The Gardens are open in the Summer Wednesday, Thursday, Friday and Sunday. see manningtongardens.co.uk for details
The name Mannington devolved from the Anglo-Saxon language and has the meaning of the enclosure (tun or ton) owned by the people (ing or ingus) of Manna’s.
Mannington is mentioned in the Domesday Book of 1086. In the great Survey it is under the name Manctura. Before 1066 the manor had been held by Godwin but at the time of the survey it was held by the King and the Norman nobelman William de Warenne. There stood on the site an ancient house which in 1291, after many changes came into the possession of Maude Turrell who was the daughter and heiress of Walter Turrell of Mannington and Itteringham. She married a man called Walter Hewell who also had an alias of Dennell.
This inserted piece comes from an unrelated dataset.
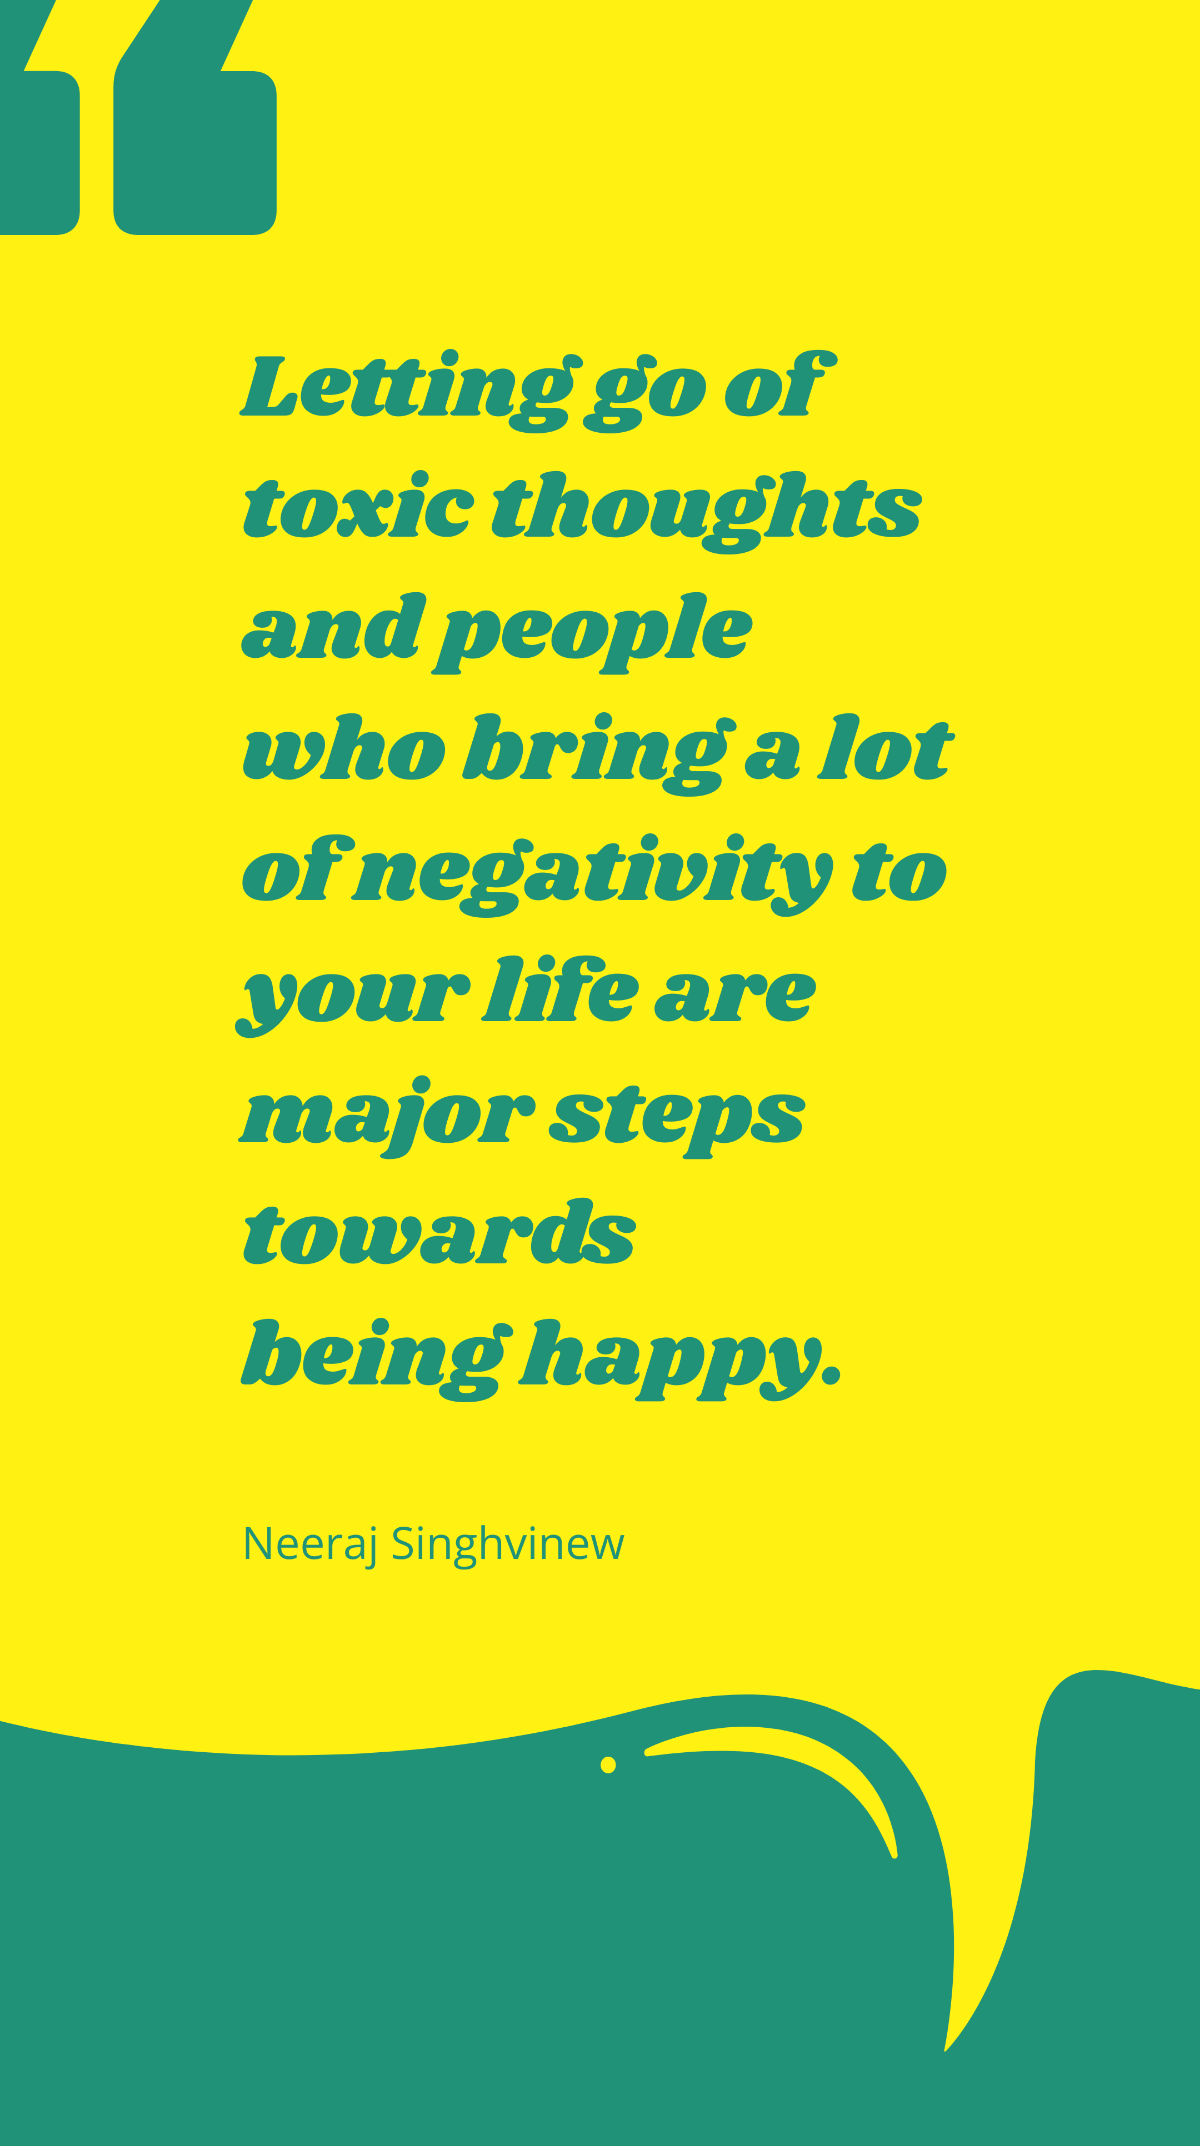 Neeraj Singhvinew - Letting go of toxic thoughts and people who bring a lot of negativity to your life are major steps towards being happy. Template

By her own right Maude was lord of the manor and when she married her second husband, Henry Lumner, he also was lord of the manor. Their Grandson, also Henry, took possession of the house and manor in 1401 and held it in right of his late wife, the heiress of Maude Dennell. Henry died shortly after and the land and possessions passed to his son and heir William Lumner. He in turn left it to his son also William Lumner who decided to rebuild Mannington Hall to the house that stands today
The house at Mannington was built at the instruction of William Lumnor, the brother of Margaret Paston and a trusted friend of the Paston Family. In a letter to John Paston dated 1460, Lumnor invited his friend Paston to visit his new house if he was in the area. In the same letter Lumnor asks Paston to supply him with Oak from the Paston estate to use on his new house at Mannington. In Nikolaus Pevsner’s Buildings of England, North-east Norfolk and Norwich, he claims that a licence to crenellate was obtained by Lumnor in 1451. However this is incorrect, Mannington was never built under such a licence. Lumnor had set several small guns on his battlements which he had constructed from stone and black knapped flint. Inside the house on the wooden wall covering or wainscot he installed his family coat of arms of Lumner impaling Monivaux. Lumnor completed the construction of the house by 1460. William Lumnor died around 1491. After the house being in the possession of several generations the Lumnor Family, they sold the house and estate to the Potts Family in 1585.